- **Exercise brief**: Your answer should be the full data, transcribed exactly, with no pictures in it.

- **Source data**:
......
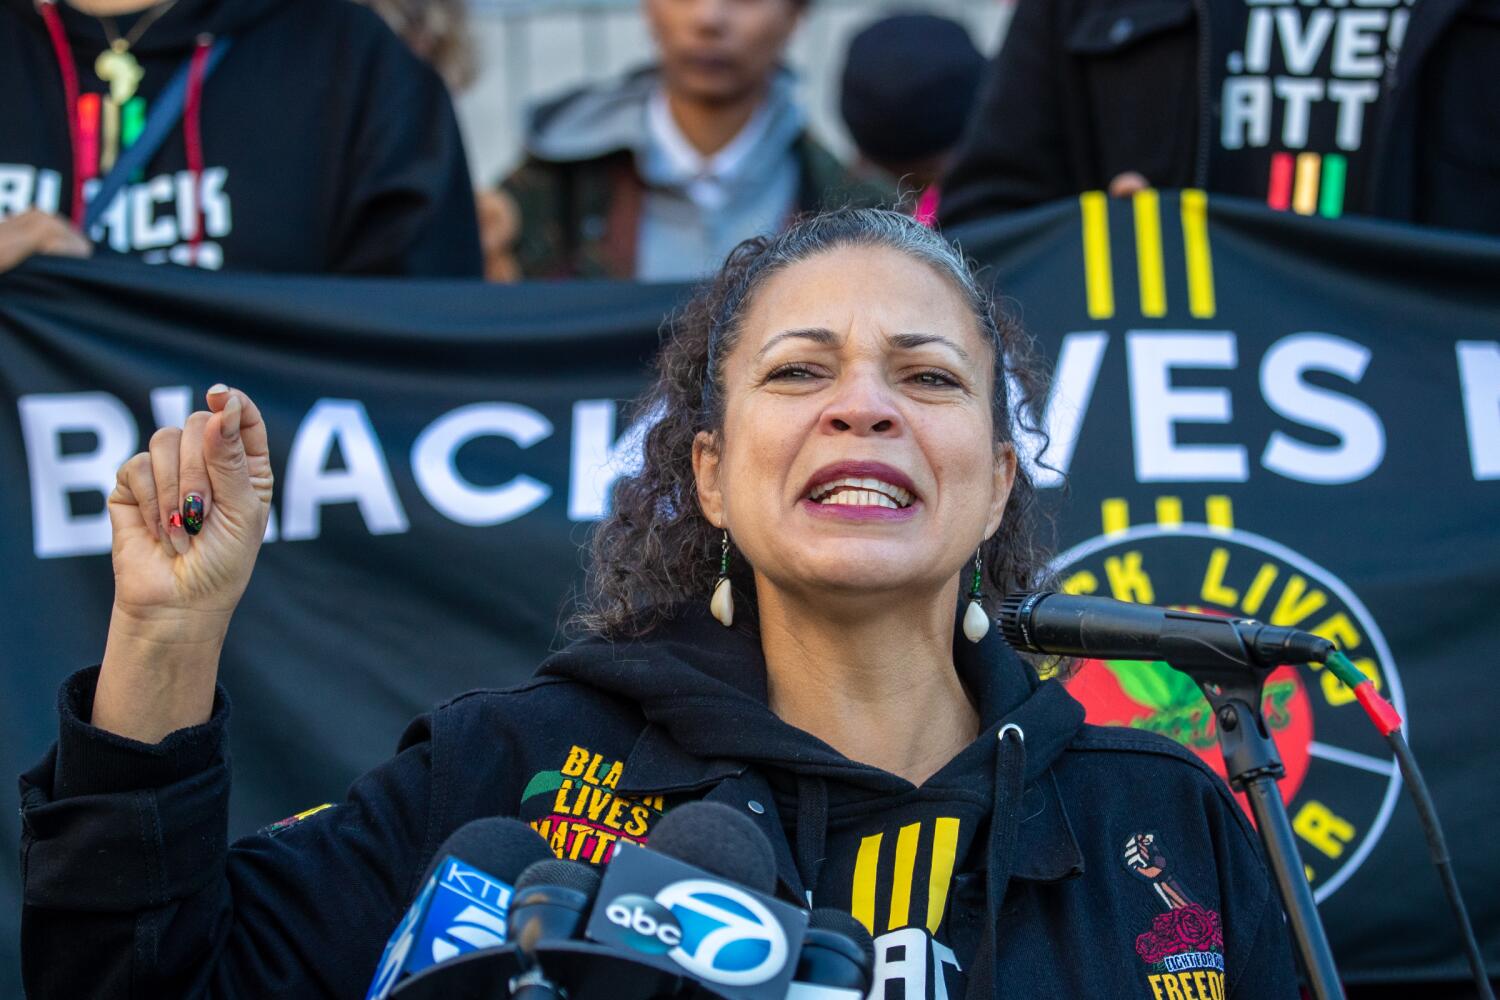 Cornel West selects L.A. professor and activist Melina Abdullah as presidential running mate
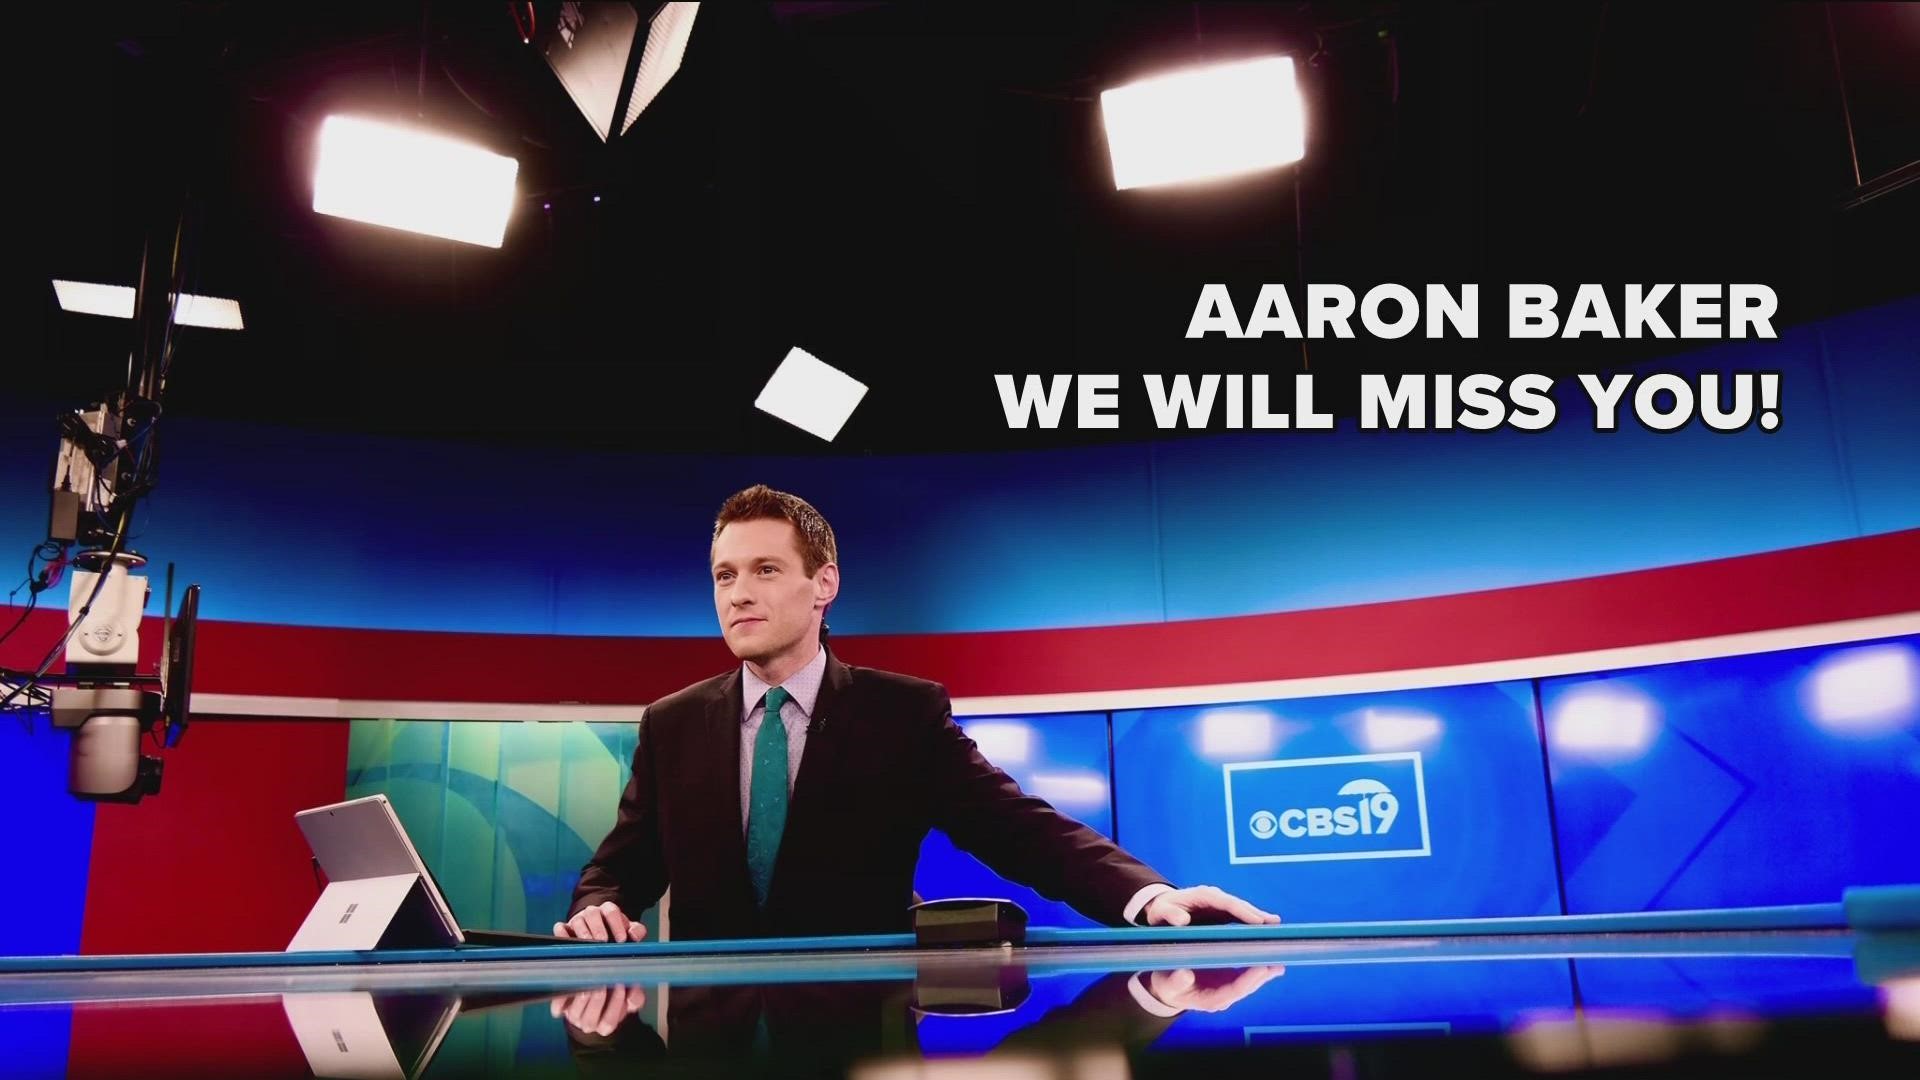 CBS19 says farewell to our night anchor, Aaron Baker.
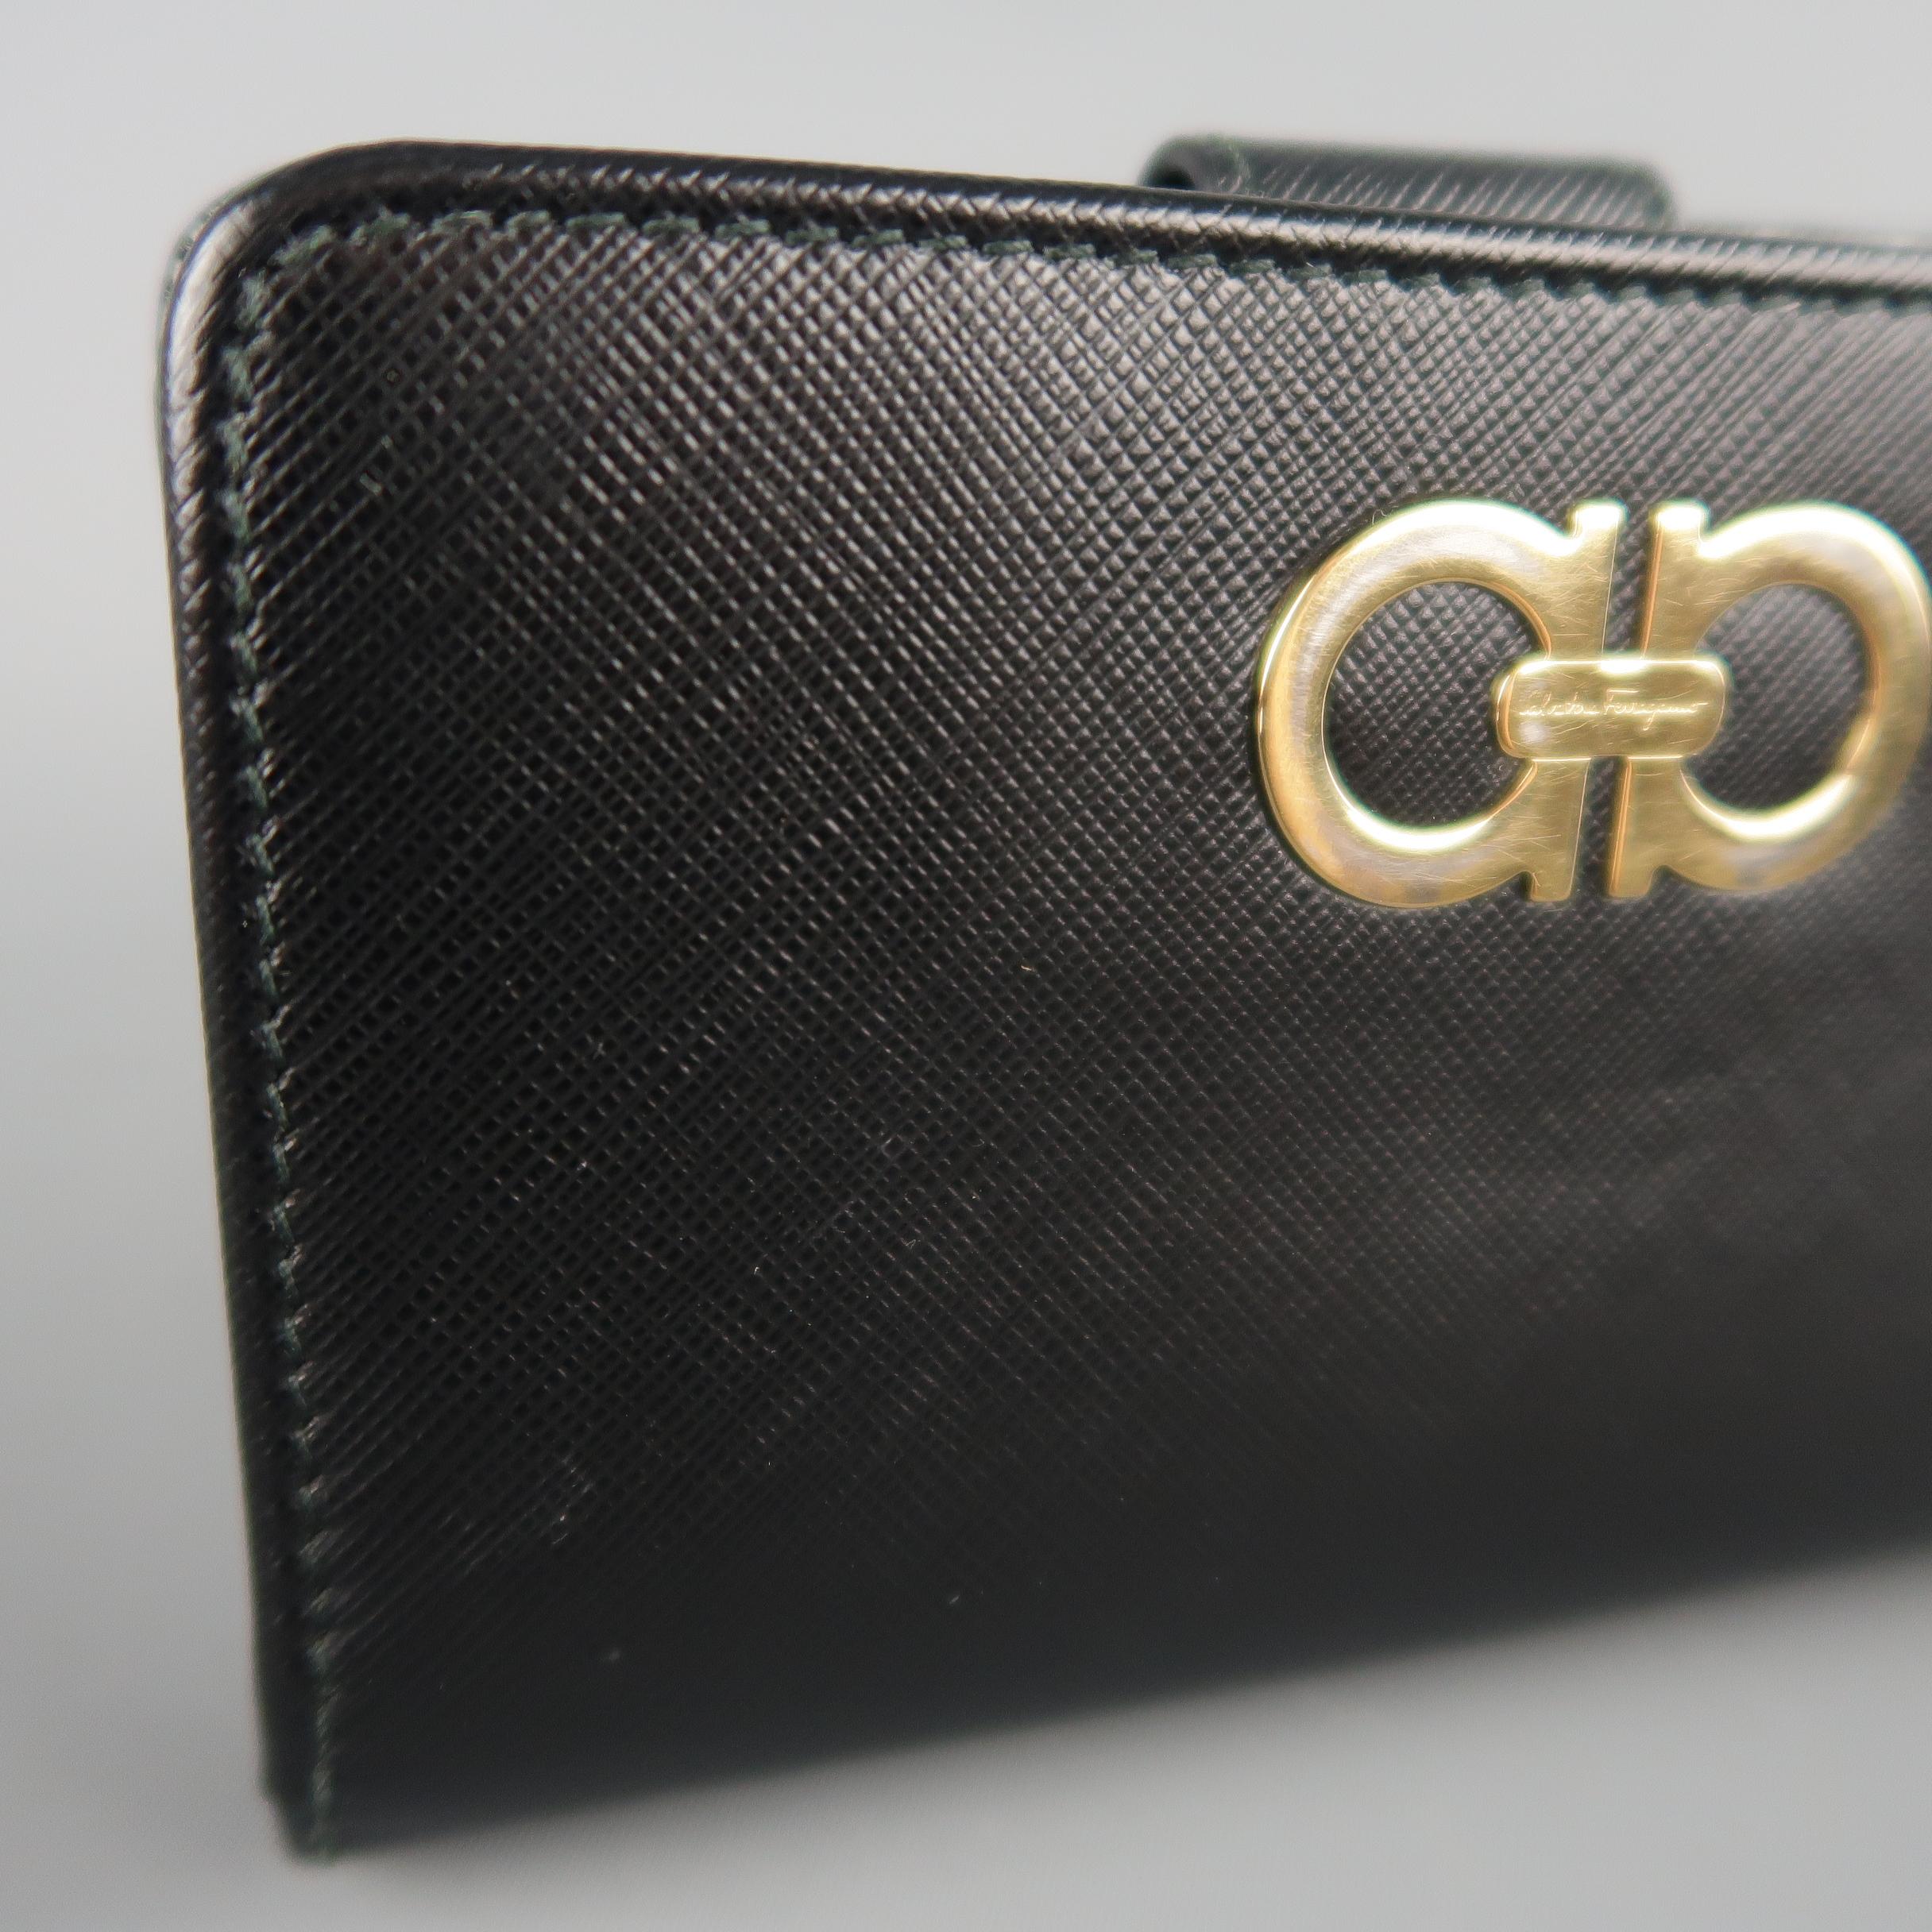 SALVATORE FERRAGAMO wallet comes in black Saffiano textured leather with a snap tab card slot compartment, zip pouch, and gold tone double Gancini logo embellishment. Some Discoloration on hardware. Made in Italy.
 
Good Pre-Owned Condition.
......
- **Task response**:
 Cornel West selects L.A. professor and activist Melina Abdullah as presidential running mate
 CBS19 says farewell to our night anchor, Aaron Baker.
 SALVATORE FERRAGAMO wallet comes in black Saffiano textured leather with a snap tab card slot compartment, zip pouch, and gold tone double Gancini logo embellishment. Some Discoloration on hardware. Made in Italy.
 
Good Pre-Owned Condition.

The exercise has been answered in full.